Conclusion
Overall, these results suggest a role for BCAAs and vitamin D in the etiology and progression of T2DM. Thus, managing vitamin D deficiency in patients with T2DM may improve glycemic control and lower BCAA levels.
Methods
In total, 230 participants (137 with T2DM and 93 healthy controls) were recruited in a cross-sectional study.

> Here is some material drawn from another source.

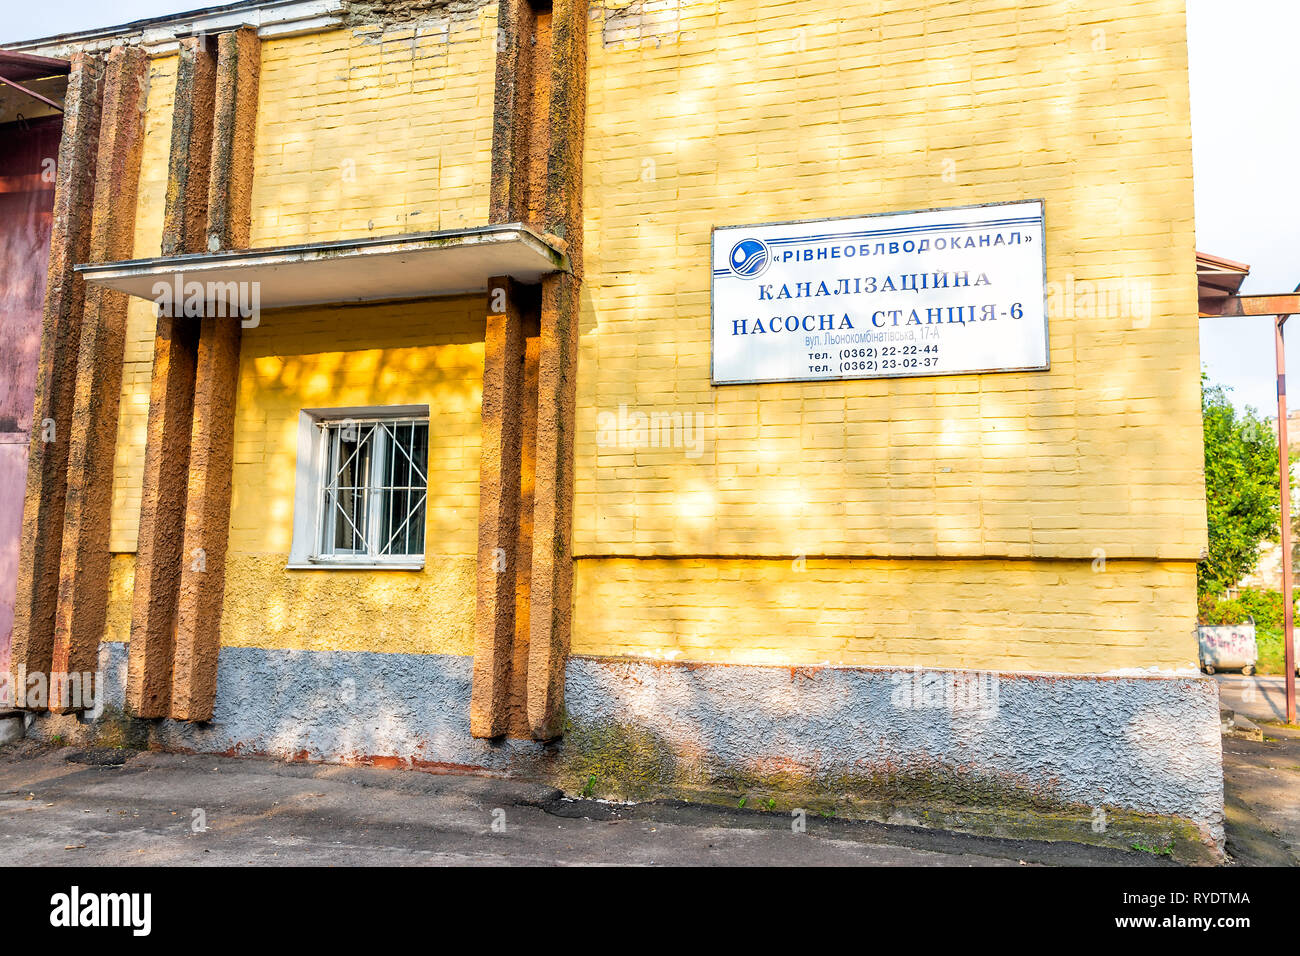 Rivne, Ukraine - le 21 août 2018 : Rovno architecture ancienne ville dans l'ouest de l'Ukraine et de signer en cyrillique ukrainien pour station de pompage des eaux usées locales Banque D'Images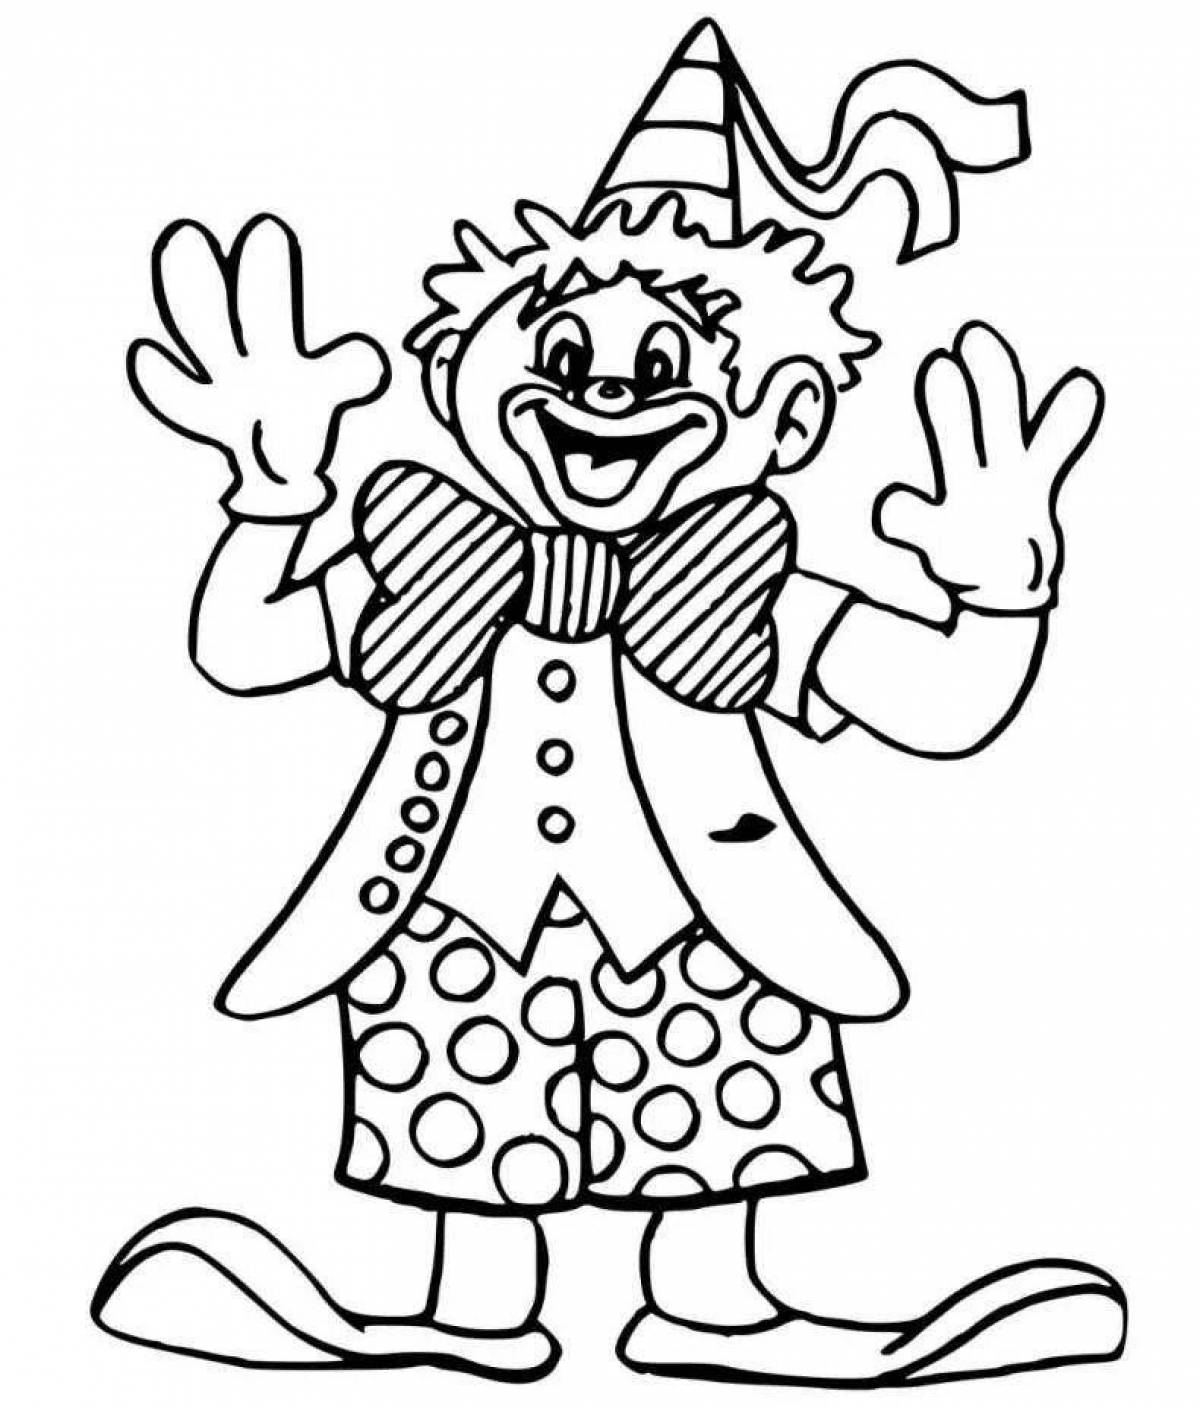 Zani jester coloring page

Furthermore, an additional follow-up study was performed, including 20 T2DM patients with vitamin D deficiency. These patients were prescribed weekly vitamin D tablets (50,000 IU) for three months. The levels of several biochemical parameters were examined at the end of the vitamin D supplementation.
Results
The results showed that patients with T2DM had higher serum levels of BCAAs and lower serum levels of 25-hydroxyvitamin D (25(OH)D) compared with those of the healthy controls (p < 0.01). The serum levels of vitamin D were negatively correlated with BCAA levels in T2DM patients (r = −0.1731, p < 0.05). In the follow-up study, 25(OH)D levels were significantly improved (p < 0.001) following vitamin D supplementation. Vitamin D supplementation significantly reduced the levels of BCAAs, HbA1c, total cholesterol, triglycerides, and fasting glucose (p < 0.01).